Joseph had clearly won the organization over, but the opportunity to sign LaMarcus Aldridge meant that they needed to renounce their rights to him, which was when Toronto swooped in.

The Raptors hadn’t won a playoff series since 2001, and after consecutive first-round exits, were in need of players that brought a winning mentality and knew how to get it done. Lou Williams won the ‘Sixth man of the Year’ award, but did it his way and not what many would consider a team way. Greivis Vasquez was flashy and had a shimmy, but didn’t always play defence like it mattered any.

So, who better to turn to then than a local boy with a championship ring to his name?

After wearing #5 throughout his career, he changed it up and repped the 6ix wearing not just the number, but the pride of those boroughs he now represented at home.

He immediately provided the Steady Eddie effect Dwane Casey was looking for, and showed his winning pedigree with a game-winner at the buzzer on the road against Washington, the team that had swept them the year before.

As Kyle Lowry struggled through the 2016 postseason, it was Joseph who provided a calming influence, looking like the best backup point guard in the league not named Shaun Livingston.
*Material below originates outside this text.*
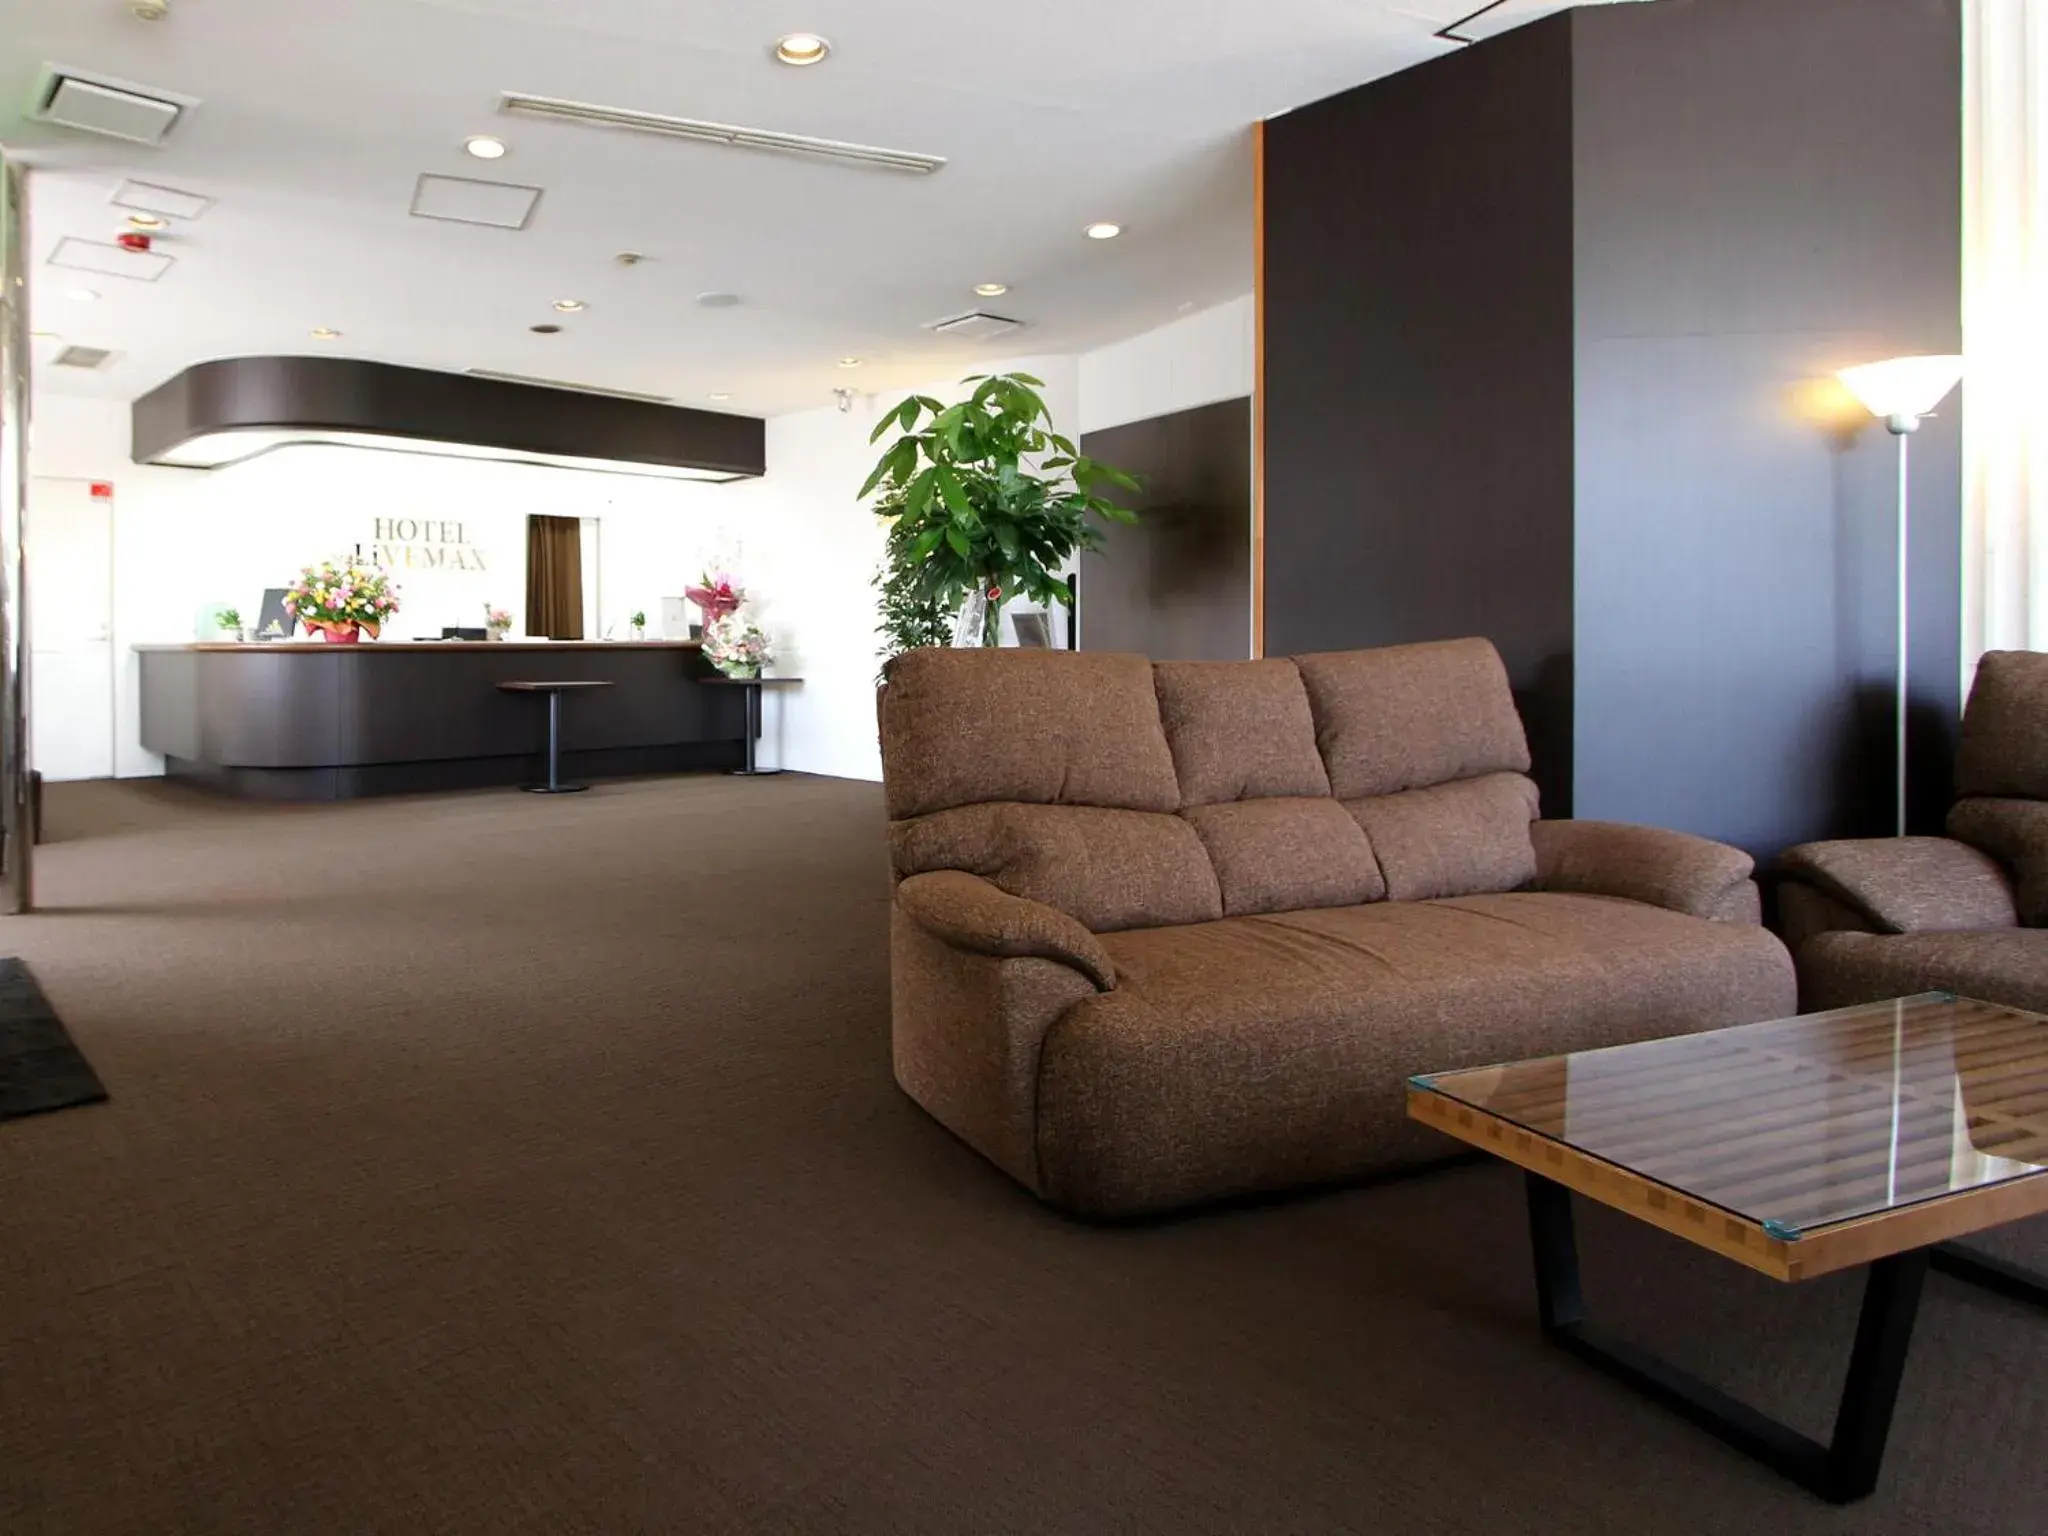 Lobby or reception, Lobby/Reception in HOTEL LiVEMAX BUDGET Utsunomiya
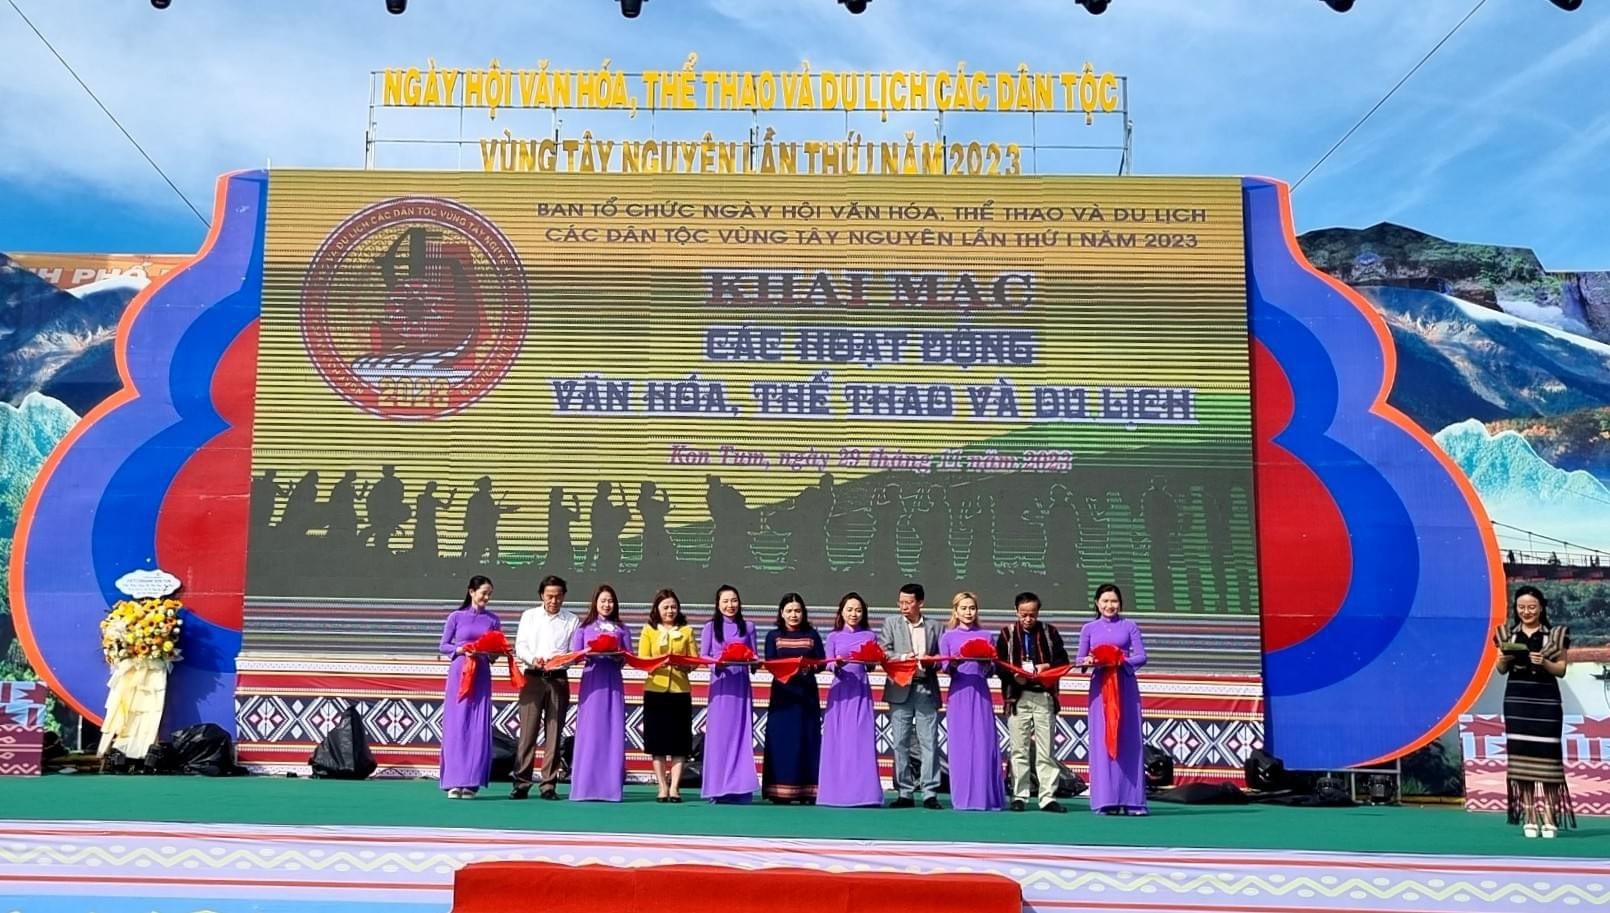 Các đại biểu cắt băng khai mạc các hoạt động chung Ngày hội các dân tộc vùng Tây Nguyên lần thứ I tại Kon Tum.

The Raptors advanced past the first round for the first time since 2001, and then sneaked past Miami in the second round too.

An Eastern Conference Finals debut beckoned, where they would be presented with the daunting task of dethroning LeBron James and the Cleveland Cavaliers. The Raptors were written off after getting dismantled at the Quicken Loans Arena, but they knew they were coming back to the friendly confines of the Air Canada Centre.

They found their feet at home, and Joseph’s defence on Kyrie Irving in Game 3 was one of the most underrated aspects of the win. Irving shot 3-for-19, and even his meanest Uncle Drew move couldn’t shake Joseph’s determined game face. The Raptors rode that momentum to win Game 4 too, before the Cavaliers found another gear to close out the series.

Joseph showed his propensity to come through when his team needs him most this past season as well. After struggling for the first half of the season, there were growing concerns that Joseph’s lack of three-point shooting and lateral quicks were catching up with him. But after Kyle Lowry was ruled out with a wrist injury, Joseph steered them forward, starting at point guard and guiding the team to a 14-7 record in the absence of their best player.

In 22 games as a starter (one start against the Brooklyn Nets when Lowry was a healthy scratch), Joseph averaged 12.2 points, five assists, and 3.8 assists on 50 percent shooting from the field. In that start against the Nets when Lowry was given a rest, he scored a career-high 33.

When the Raptors played the Bucks in Game 6 of the first round this year, it was the former Spur who Dwane Casey turned to in the final minutes of the fourth after Toronto blew a 25-point lead with five minutes remaining in the third quarter.

Trailing 80-82 with 2:12 remaining, Joseph played the perfect give-and-go with Patterson, who finished with a slam to tie the game. Then, with 1:30 remaining, the game tied, and the shot clock winding down, the Raptors swung the ball around the perimeter to the open man in the corner, Joseph.

Splash.

The Raptors won the game, and the series in six, but who’s to say  what might’ve happened if Casey hadn’t turned to his winner from the 6ix. That’s just a “what if” now, and the reality is that Joseph will begin a new chapter as an Indiana Pacer soon. A chapter that will present an individual challenge for a change, that of becoming a starting point guard in the NBA. He made his first playoff start for Toronto this past postseason against Cleveland, and had 20 points, 12 assists, and six rebounds in his second. Those opportunities will only aid his claim for the spot in Indiana.

The little things he provided over his tenure with the Raptors aren’t always tracked on the box score or make for the fondest of memories, but like the slow and steady turtle, it usually won the race. In crossing those finish lines, his imprint on Canadian basketball goes much deeper than wearing Canada’s lone NBA team’s jersey, just ask RJ Barrett or Abu Kigab.

DeRozan may have needed to sign a five-year $139 million-dollar deal to pledge his allegiance to the city, but it’s Joseph who—Raptor or not—will remain Toronto’s very own.